An 87th-minute penalty scored by Yemi Odubade saw York lose 1–0 away to Oxford United. Dyer signed for the club, having been unattached after his release by Chesterfield at the end of 2007–08. Adam Boyes signed a long-term professional contract ahead of York's Conference League Cup third round tie against Mansfield, which was won with a 4–2 penalty shoot-out victory. This was preceded by Greaves' headed goal in the fourth minute of stoppage time, earning the team a 1–1 draw, which was followed by a goalless period of extra time. The attendance of 609 was the lowest crowd in the club history—breaking the previous record of 763 set in the 2007–08 Conference League Cup.

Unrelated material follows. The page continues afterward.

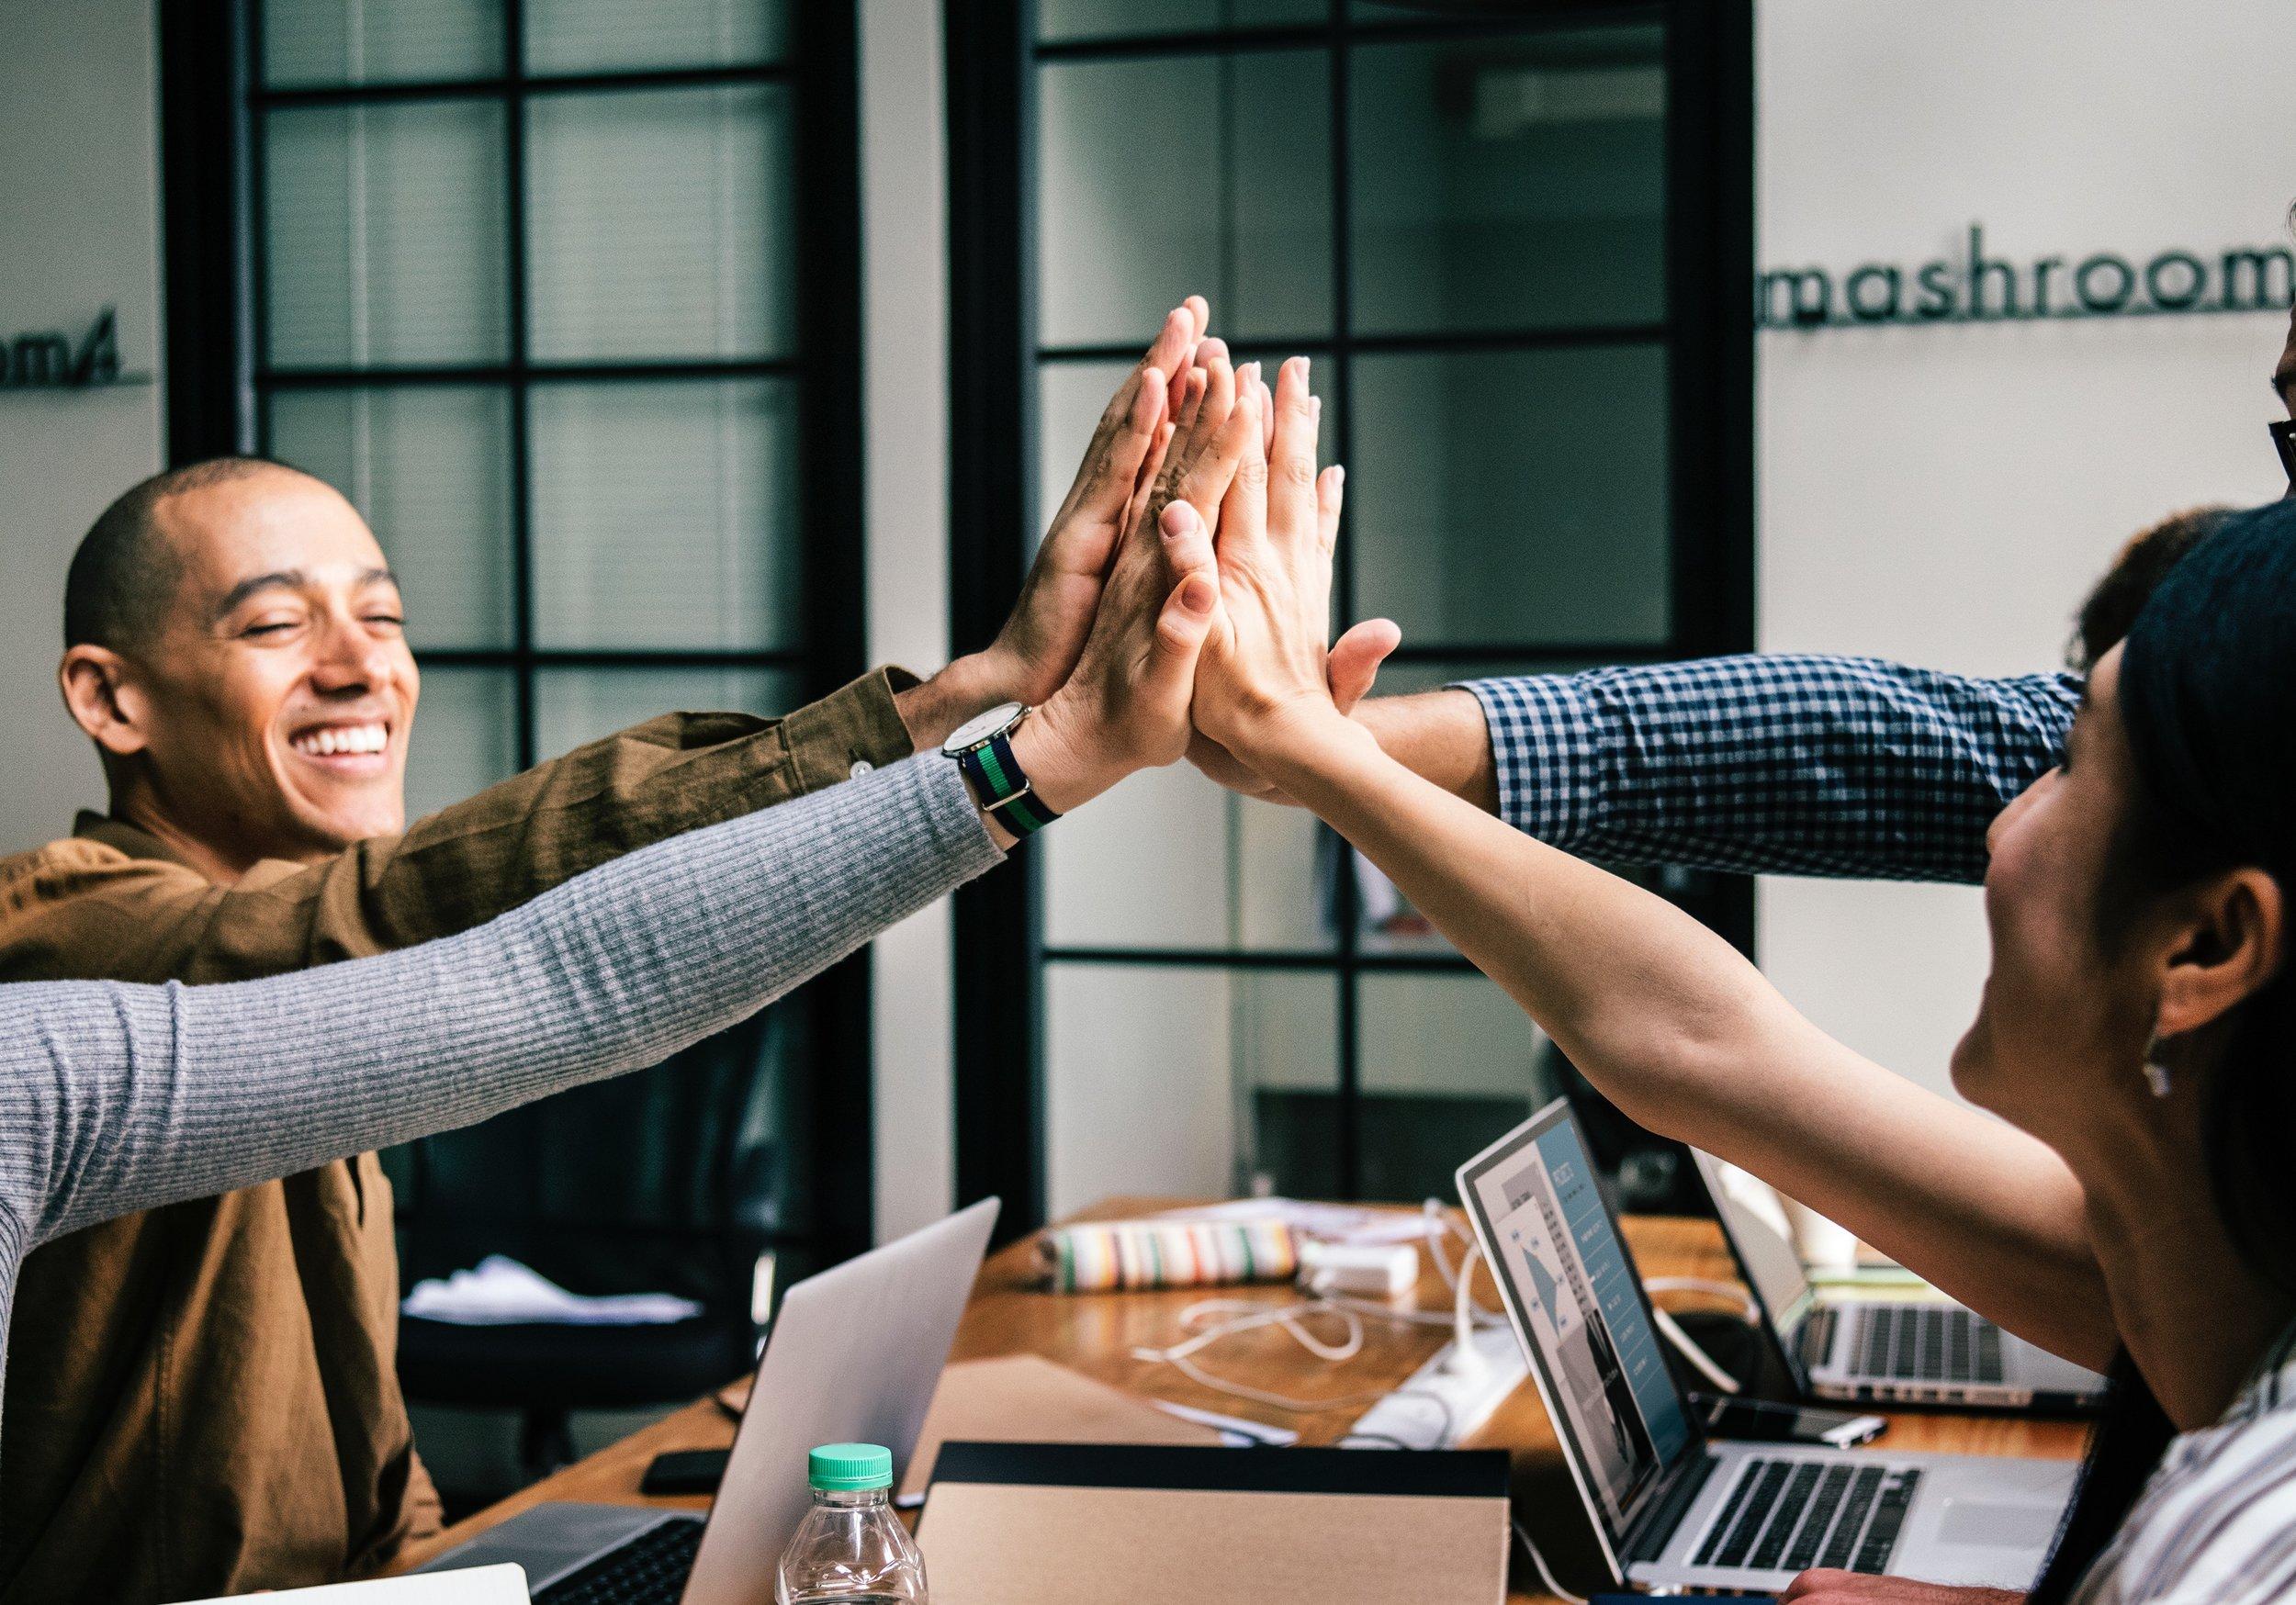 Business meeting handshake across the table
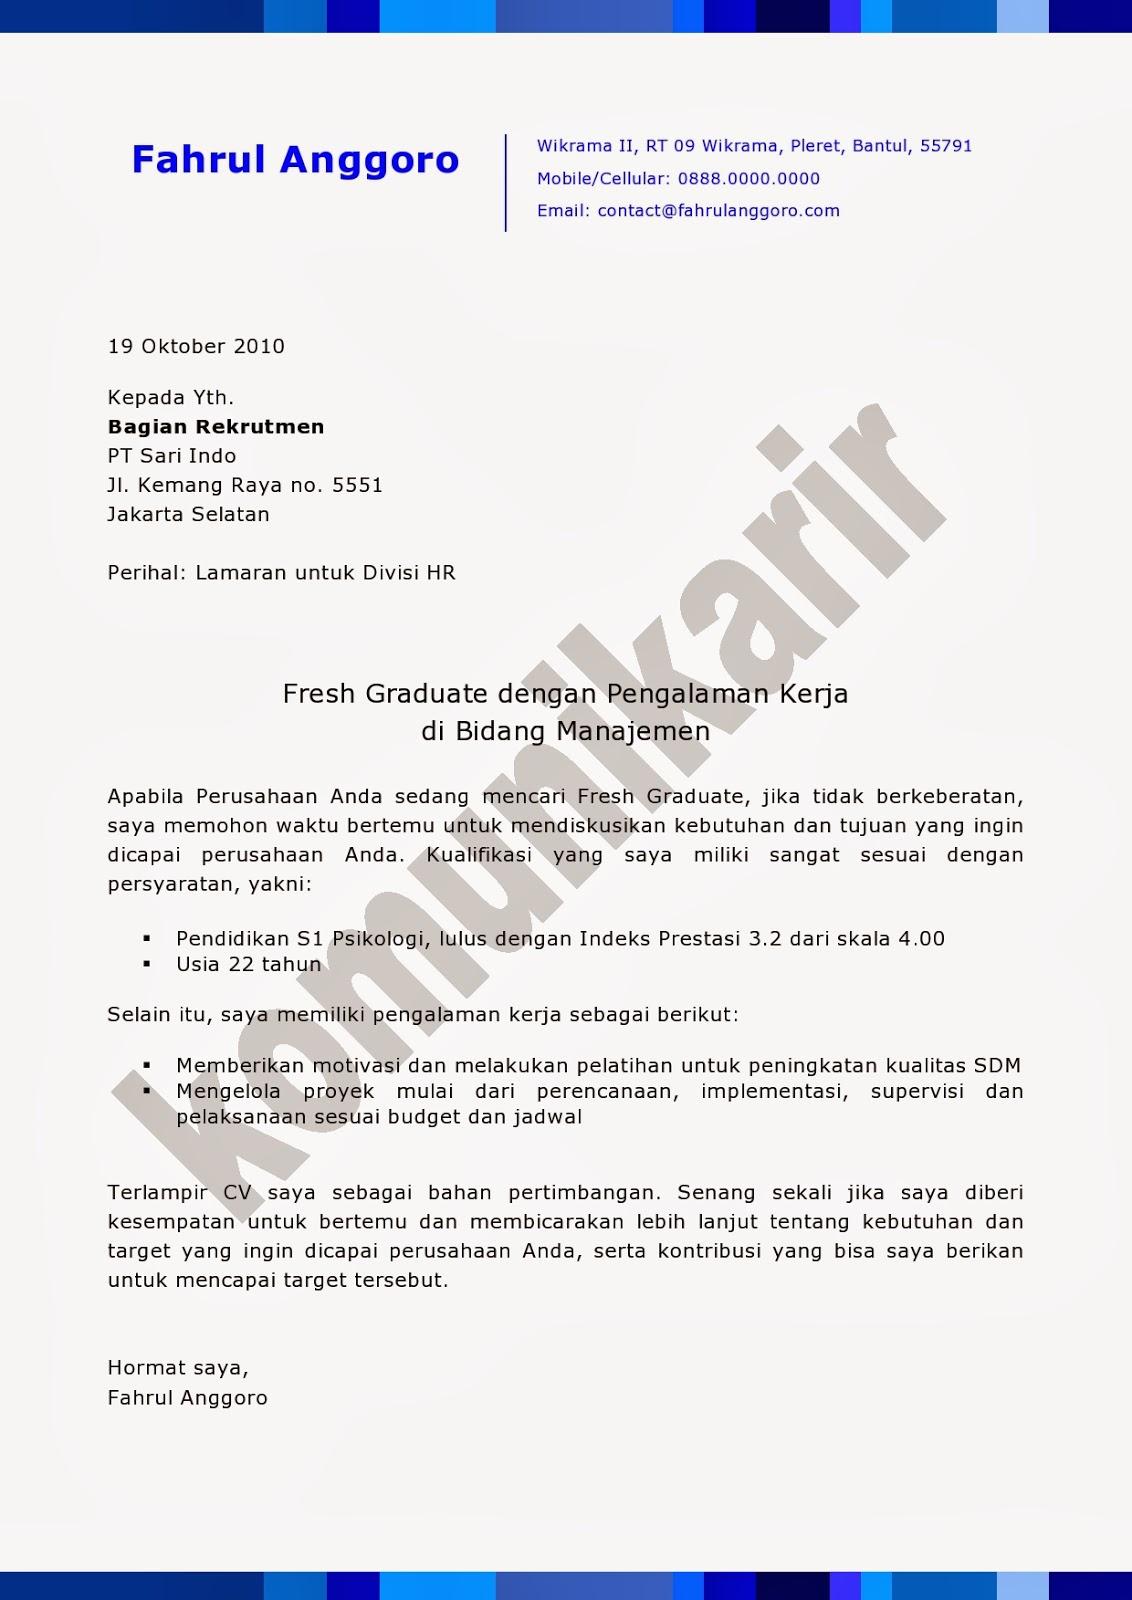 Contoh Proposal Business Plan Bidang Jasa - Wall PPX

York lost 2–1 at home to Torquay, in their first home defeat of the season. After Roscoe Dsane gave the visitors the lead, Greaves equalised for York with a header from a Purkiss cross in the 85th minute, before Mark Ellis scored for Torquay on 90 minutes. A third successive defeat came after losing 1–0 away to Cambridge. It was agreed that Brodie's loan at Barrow would be extended after he scored four goals in six appearances, but York decided to overturn this decision a day later. Barrow hoped to open talks over signing him on a permanent contract in January 2009.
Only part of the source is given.